ZARI (The Silent Aftermath): The door to the Alpha’s quarters clicked shut, and the silence that followed was a physical weight. My skin still burned where Lukas had "claimed" me in front of the Council. That touch wasn't an act of protection; it was a brand. He’d used me like a tool to silence his challengers, and my body—this traitorous, bonded shell—had hummed under his hand like it was coming home.
I didn't collapse. I paced. I was a Hunter, and I was currently trapped in the den of the beast I had spent a decade tracking. My eyes swept the room, searching for a weapon, but they kept landing on Lukas.
"You think that display makes us even?" I hissed, my voice a jagged blade in the quiet. "You think because you saved me from a Council of mutts, I’ve forgotten why I lured you to those docks?"
I didn't need to close my eyes to see it. It was etched into the back of my eyelids. The scent of gunpowder from my rifle always brought back the scent of the Blood Moon Raid.
15 years ago. I remember the taste of dust as I pressed my face against the dirt beneath the farmhouse floorboards. I remember the silver moon sigil on the cloak of the man who stood above my father’s dying body. I didn't just hear a voice; I felt the vibration of a command that had stripped my world to nothing.
"Clear the perimeter. No survivors."
That voice had haunted every hour of my training. It was the same low, gravelly timber that had just claimed me as "Mate" in the Council chamber. The irony was a sick, twisted joke played by a Goddess I no longer believed in.
LUKAS: I watched Zari pace. She was like a caged leopard—lethal, beautiful, and looking for a throat to tear. The Bond was feeding me her memories in sharp, jagged bursts of static. Fire. Blood. A silver moon cloak.
I knew that night. I carried the scars of it on my soul as clearly as she did, but for different reasons.
"You have a very specific memory of that night, Zari," I said, my voice dropping to a low rumble as I unbuckled my heavy leather vambraces. "But you were a child hiding in the dark. You saw a cloak. You heard a voice. You built a monster out of shadows because you needed someone to hate while you sharpened your knives."
I knew your name long before you stepped onto those docks, Zari. You thought you were a ghost, but you left a trail of my dead brothers from the border to the coast. Each one had your 'vow' carved into the earth beside them. I didn't come to the docks to be assassinated; I came to see the face of the woman who had made my destruction her life's work. I knew your hatred was ancient... I just didn't know the Moon Goddess would make it my own."
I walked toward her, closing the distance until she was forced to stop or retreat. She didn't retreat. She reached for the small, concealed blade in her boot.
I was faster. I caught her wrist, pinning it against the stone wall beside her head, looming over her until my heat was the only thing she could feel.
I leaned in, my face inches from hers. The scent of her hatred was intoxicating, mixed with the rising heat of the Bond. "I was at that farm, yes. I wore that cloak. But I wasn't the one who gave the order to kill. I was the one who executed the men who did."
ZARI: "Liar," I spat, the word vibrating against his lips. I struggled against his grip, but his weight was absolute. The Bond was screaming at me to stop fighting, to lean into the massive strength of the male who held me. "I heard you. I know your voice, Lukas. I’ve heard it every night for fifteen years."
LUKAS: "Then you heard a shadow," I growled. I released her wrist, but instead of pulling away, I grabbed the front of her leather vest, jerking her flush against my chest. The impact sent a jolt of raw, 18+ electricity through us both. I felt her breath hitch, her body betraying her mind instantly. "The man who gave that order is dead. I made sure of it. But if you want to kill me for being the Alpha of the Pack that broke you, then do it. But don't lie to yourself and call it justice. Call it what it is: bloodlust."
ZARI: My heart was slamming against his ribs. I could feel his arousal, hard and demanding, pressing against me through our layers of leather.

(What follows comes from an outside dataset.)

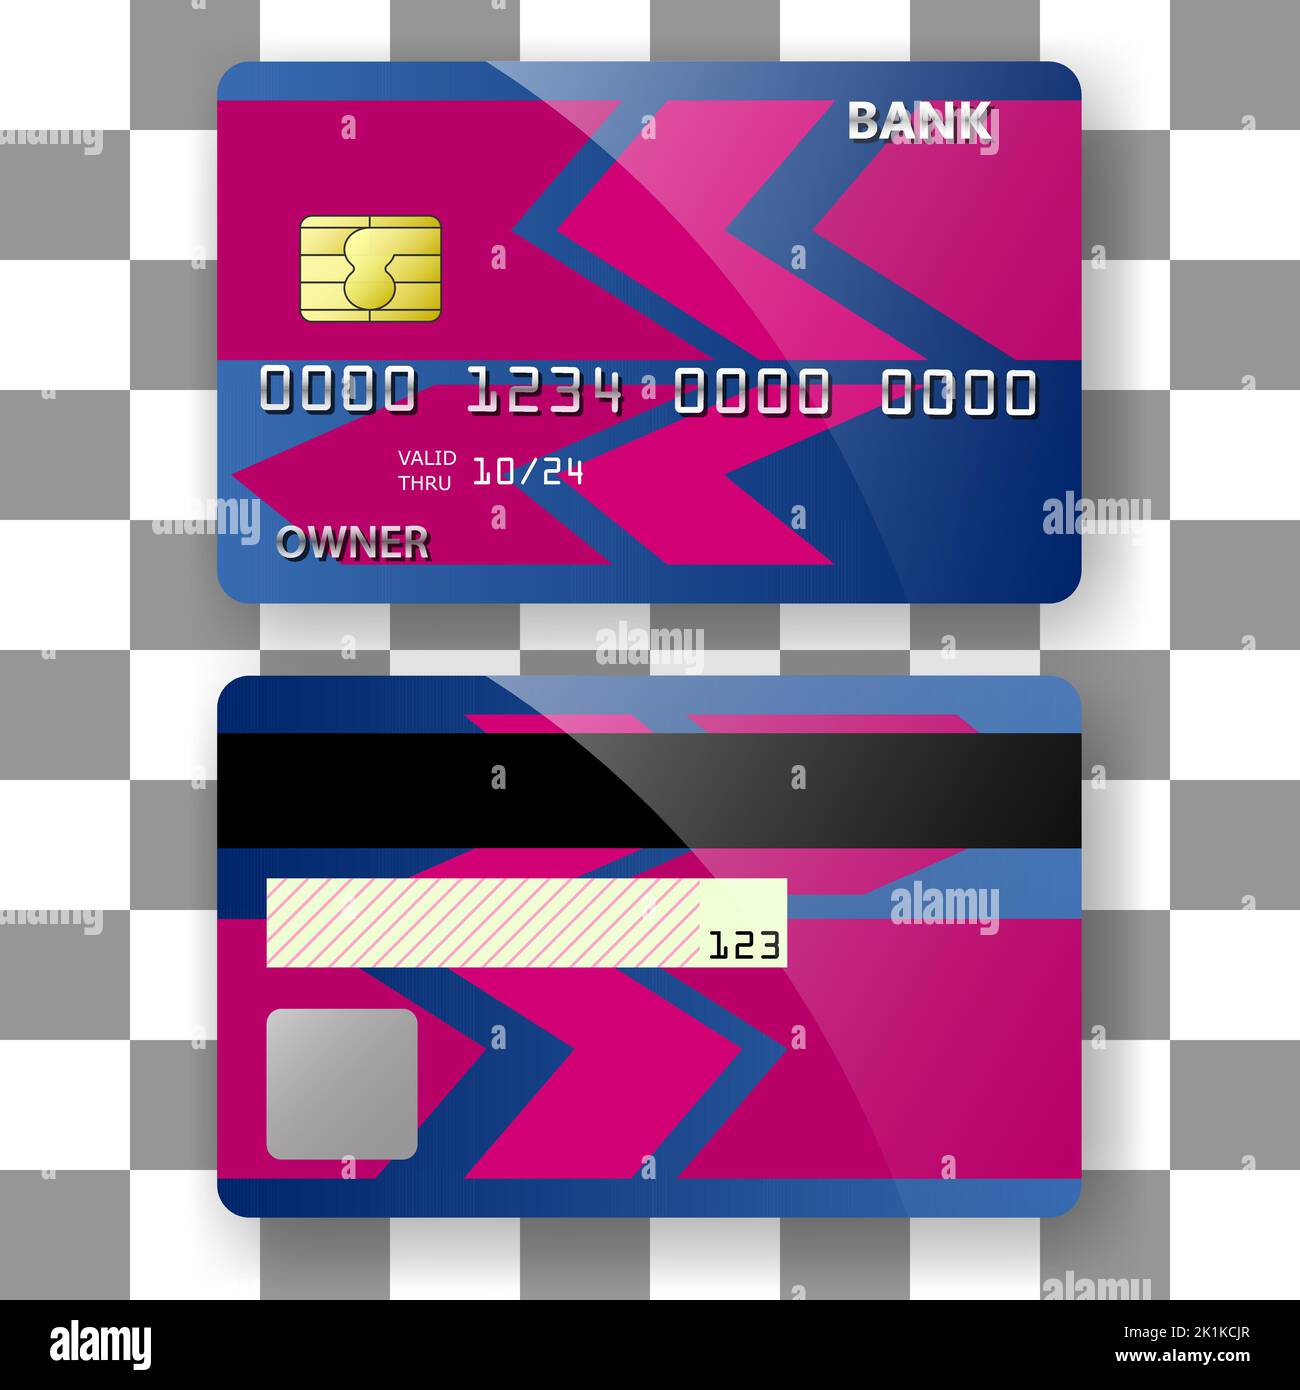 Edles Hintergrunddesign für Bankkartenvorlagen. Vorlage für Poster, Broschüre, Hintergründe usw. Stock Vektor

It was a violation and a promise all at once. My hand, free now, didn't reach for my knife. It curled into the fabric of his shirt, my knuckles bruising against his chest.
"I came to those docks to end you," I whispered, my voice breaking.
LUKAS: "And yet, here you are," I murmured, my mouth hovering just a hair's breadth from her ear. I let my hand slide from her vest to the back of her neck, my thumb stroking the sensitive skin there, making her shudder. "Trapped in my room. Wrapped in my scent. Seeking my heat when you think I'm sleeping. You can hate the memory of the Alpha from ten years ago, Zari. But the Alpha standing in front of you is the only reason you’re still breathing."
ZARI: He didn't wait for a reply. He released me with a sudden, sharp distance that felt like a physical wound. I stood there, gasping for air that wasn't filled with him, the ghost of my father’s face flickering in my mind. For the first time, the memory was blurry—drowned out by the suffocating, demanding reality of the man who had just looked into my soul and called me a liar.